• _WHAT YOU HAVE TO DO_
Copy out exactly, from the entries that follow, the line holding "Hoai Linh with extremely sexy outfits", the line holding "Kobe Bryant (L)", and all lines between them, but no pictures.

• _STUDY MATERIAL_
+ + + + +
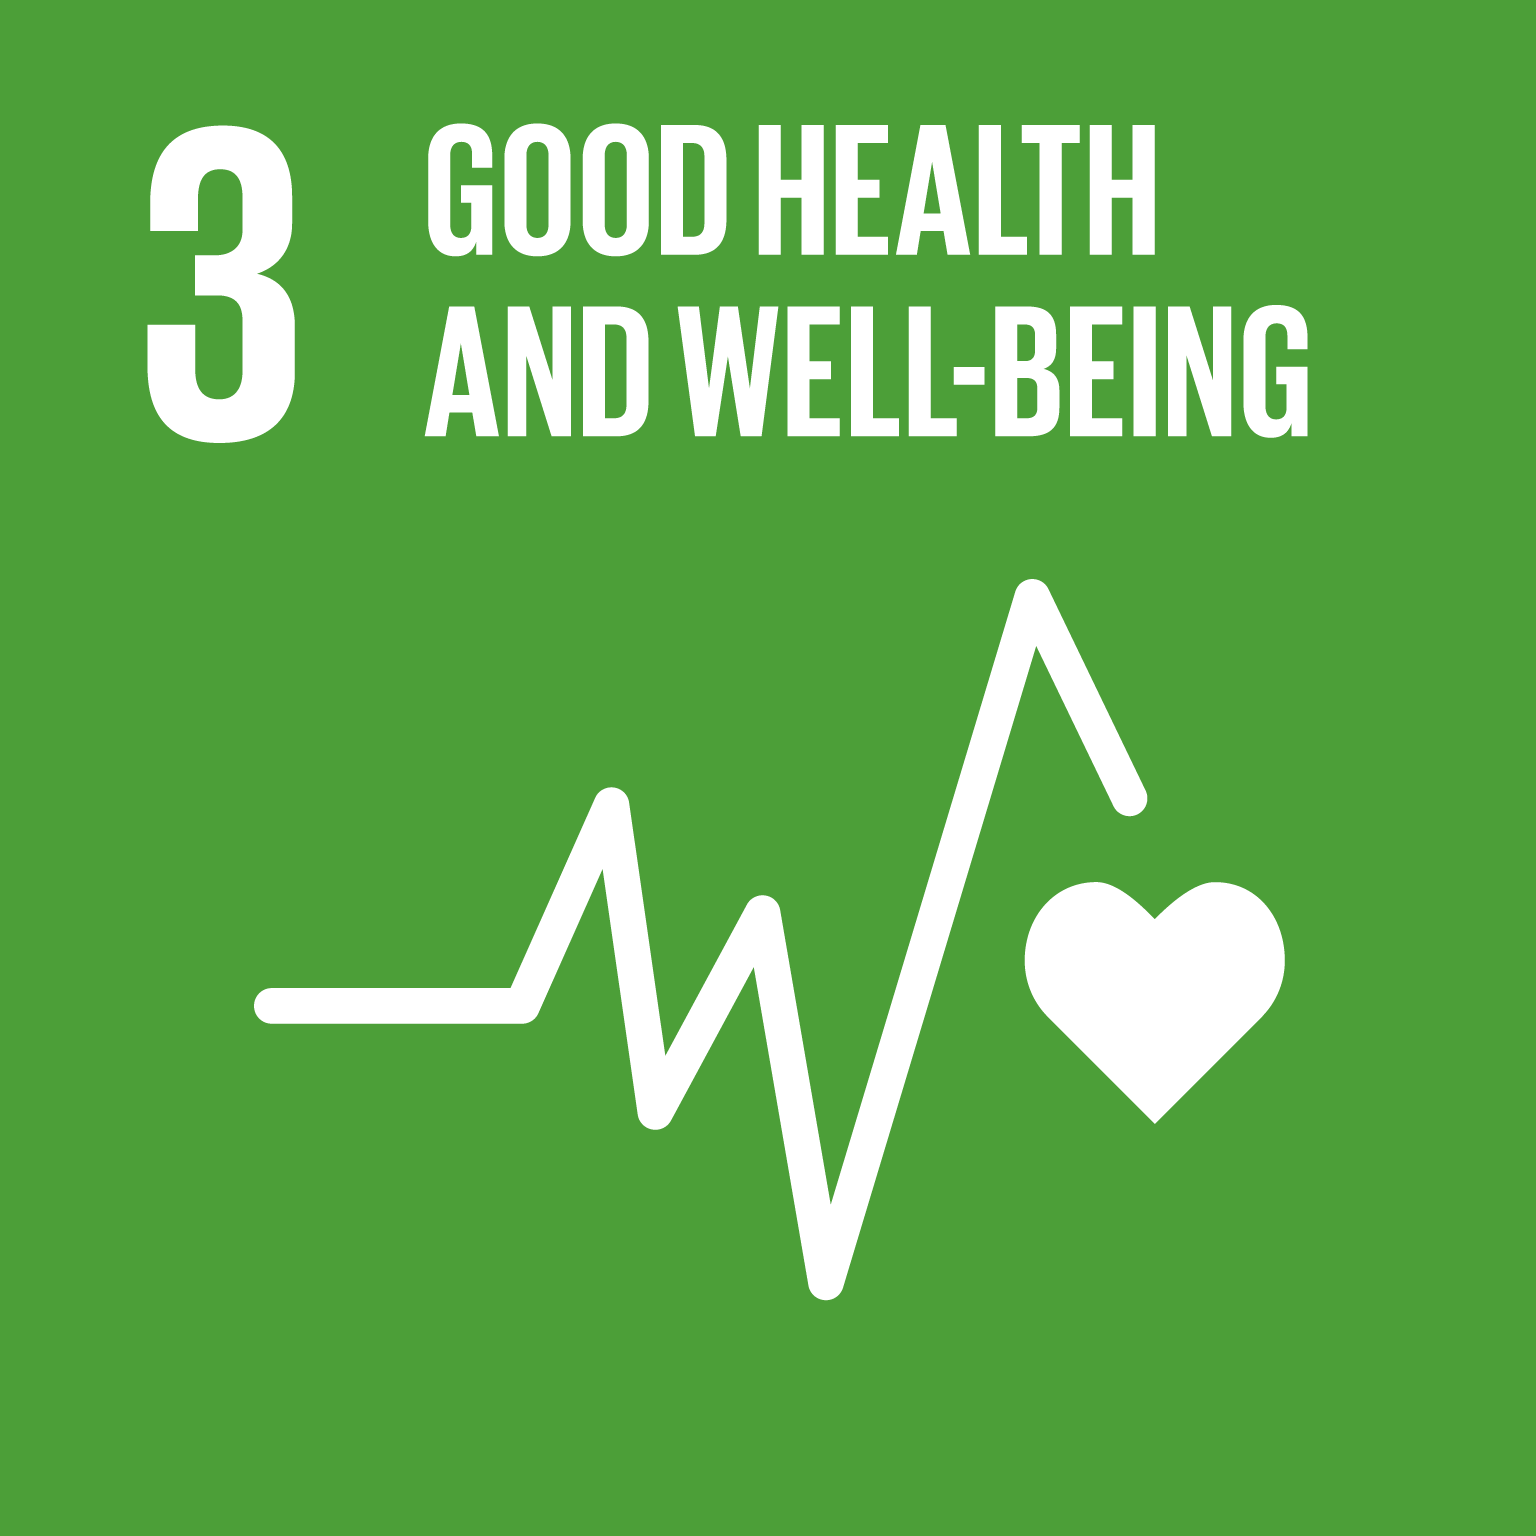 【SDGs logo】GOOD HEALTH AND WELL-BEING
+ + + + +
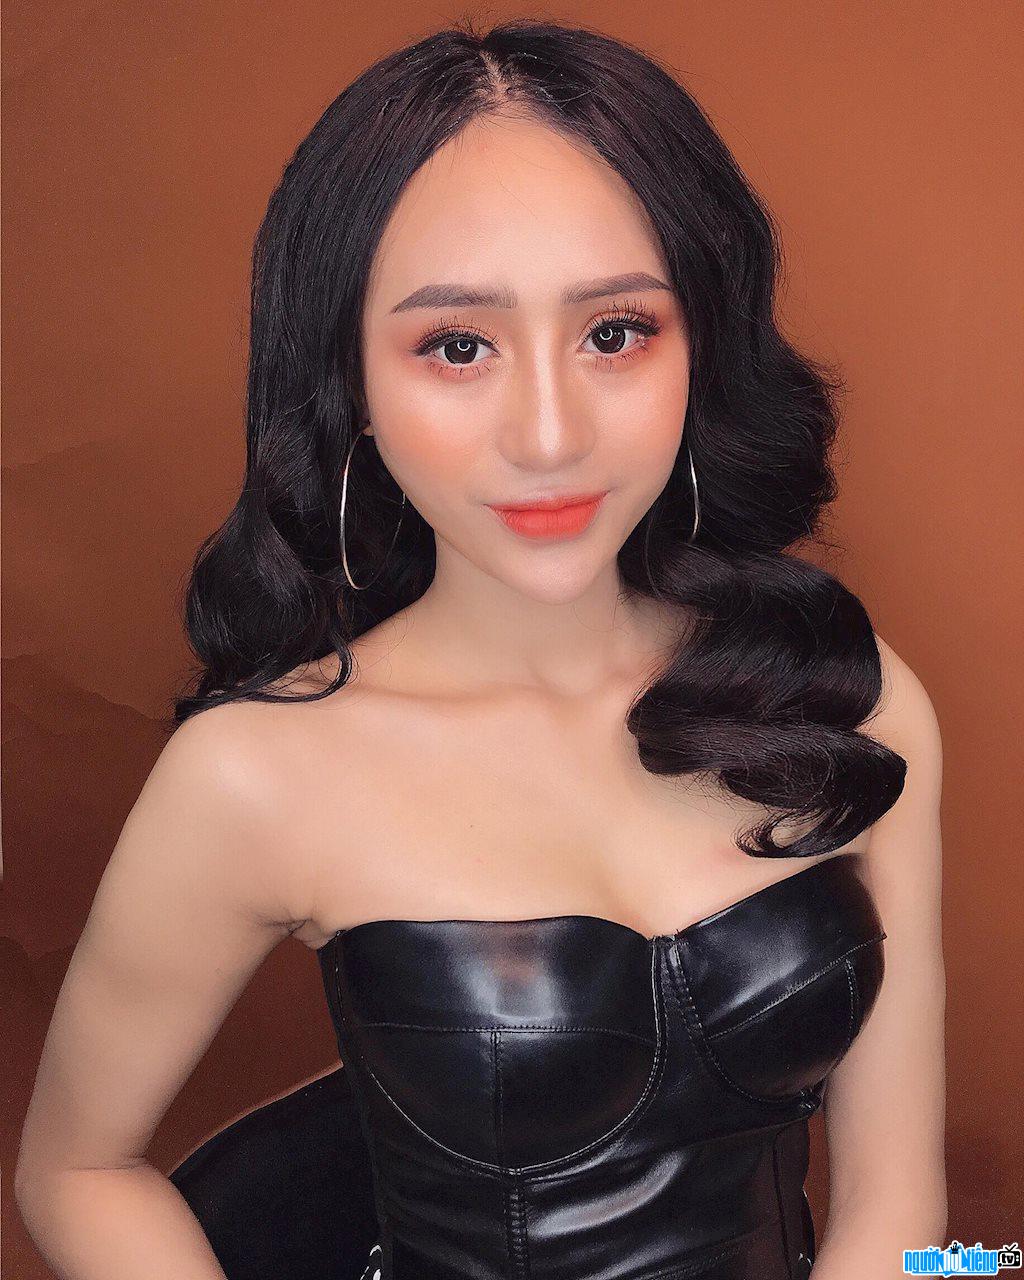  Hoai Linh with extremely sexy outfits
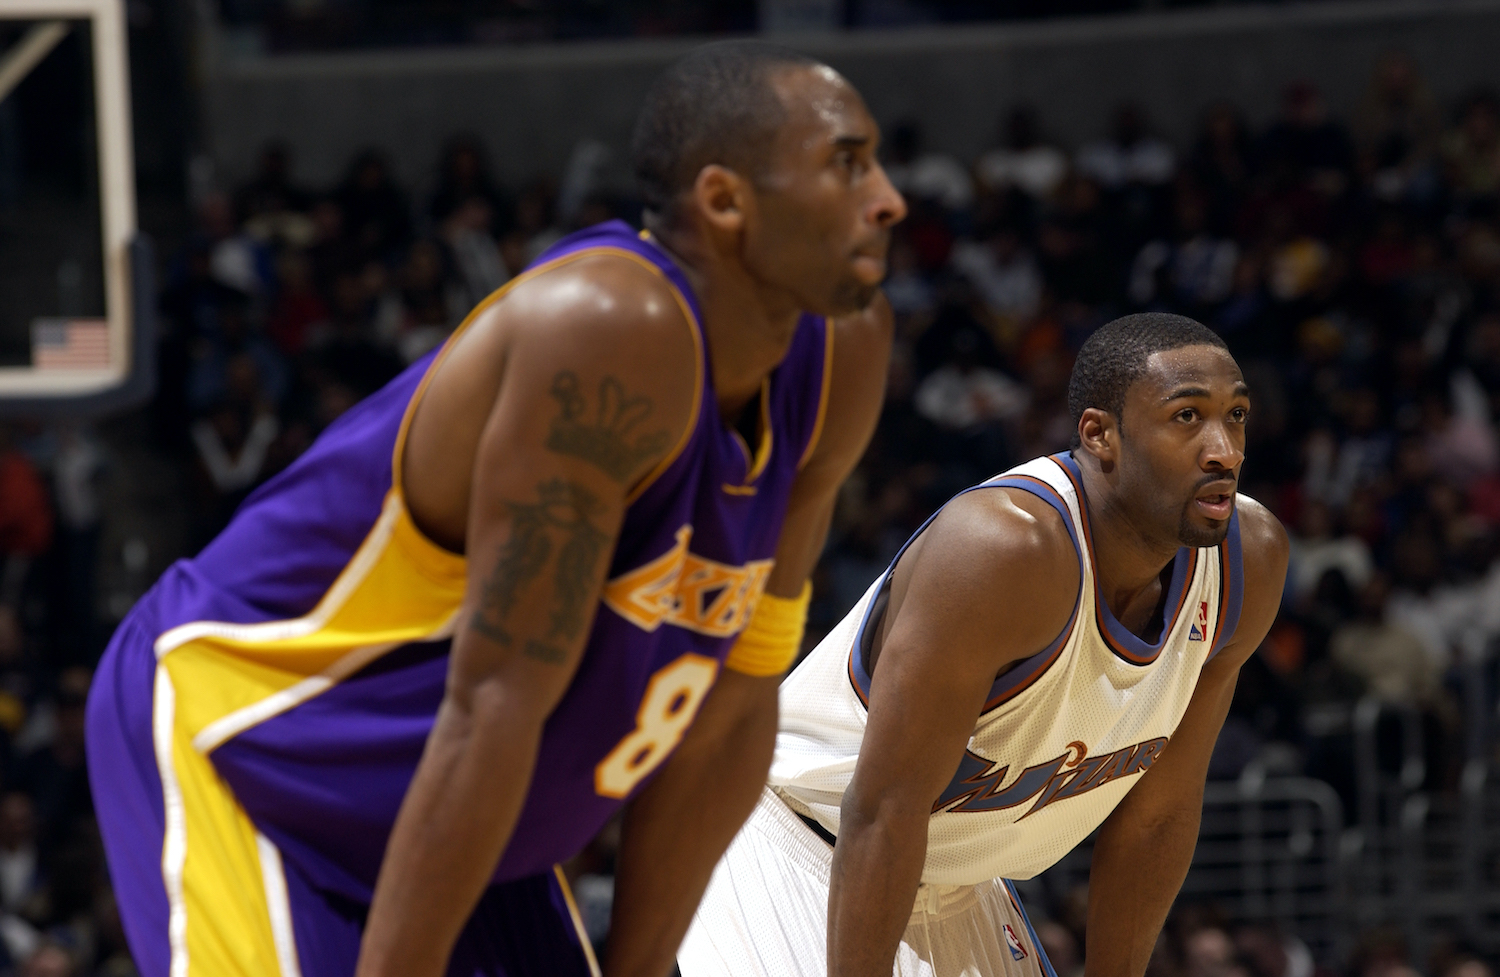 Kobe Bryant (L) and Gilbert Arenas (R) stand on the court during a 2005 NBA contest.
+ + + + +
• _ANSWER TO THIS TASK_
  Hoai Linh with extremely sexy outfits
 Kobe Bryant (L) and Gilbert Arenas (R) stand on the court during a 2005 NBA contest.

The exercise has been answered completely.